Prime factorization of $$$2620$$$

Find the prime factorization of $$$2620$$$.

Start with the number $$$2$$$.

Determine whether $$$2620$$$ is divisible by $$$2$$$.

It is divisible, thus, divide $$$2620$$$ by $$${\color{green}2}$$$: $$$\frac{2620}{2} = {\color{red}1310}$$$.
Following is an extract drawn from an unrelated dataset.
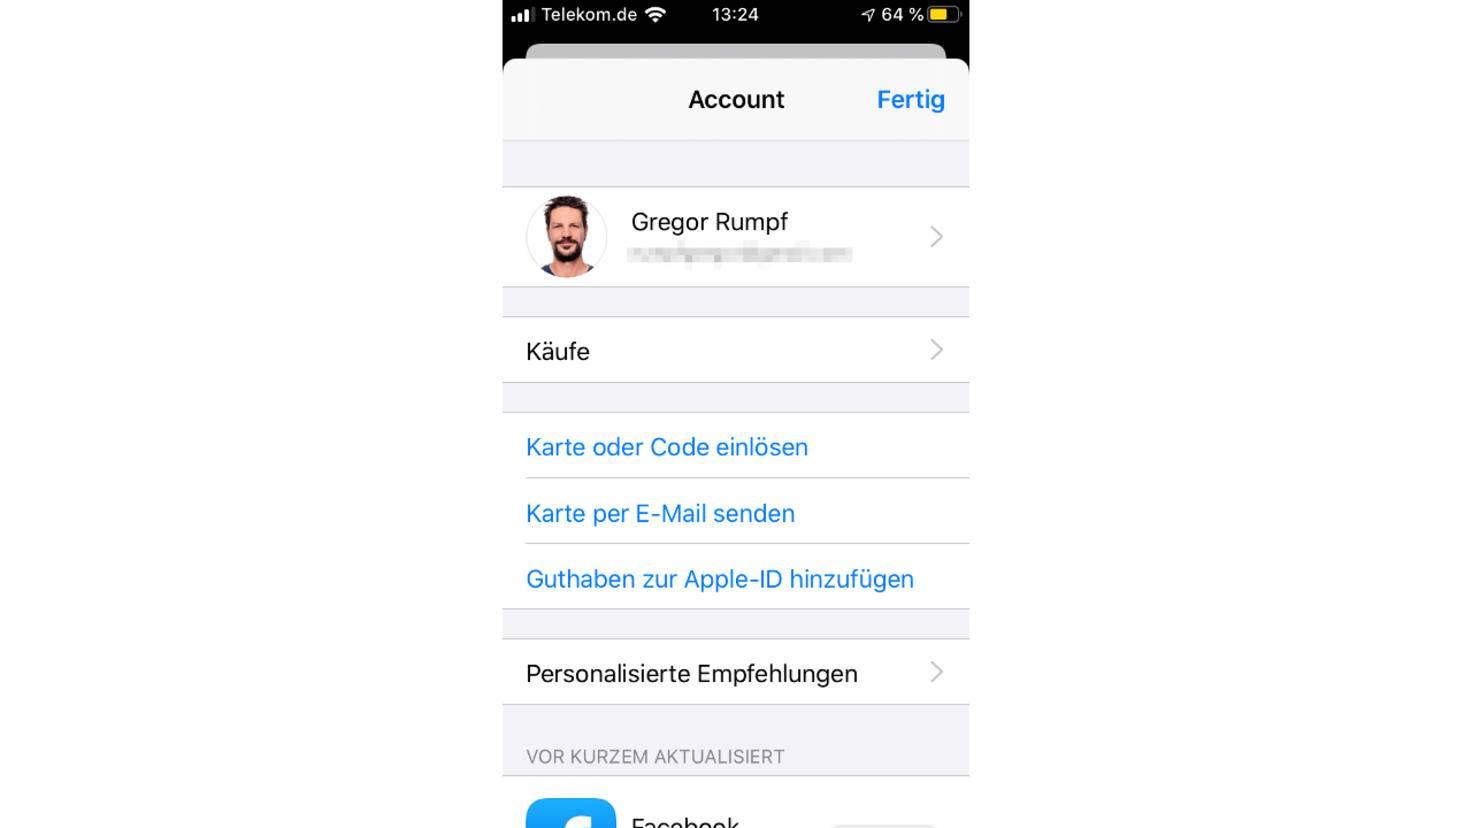 App-Updates iOS 13

Determine whether $$$1310$$$ is divisible by $$$2$$$.

It is divisible, thus, divide $$$1310$$$ by $$${\color{green}2}$$$: $$$\frac{1310}{2} = {\color{red}655}$$$.

Determine whether $$$655$$$ is divisible by $$$2$$$.

Since it is not divisible, move to the next prime number.

The next prime number is $$$3$$$.

Determine whether $$$655$$$ is divisible by $$$3$$$.

Since it is not divisible, move to the next prime number.

The next prime number is $$$5$$$.

Determine whether $$$655$$$ is divisible by $$$5$$$.

It is divisible, thus, divide $$$655$$$ by $$${\color{green}5}$$$: $$$\frac{655}{5} = {\color{red}131}$$$.

The prime number $$${\color{green}131}$$$ has no other factors then $$$1$$$ and $$${\color{green}131}$$$: $$$\frac{131}{131} = {\color{red}1}$$$.

Since we have obtained $$$1$$$, we are done.

Now, just count the number of occurences of the divisors (green numbers), and write down the prime factorization: $$$2620 = 2^{2} \cdot 5 \cdot 131$$$.

The prime factorization is $$$2620 = 2^{2} \cdot 5 \cdot 131$$$A.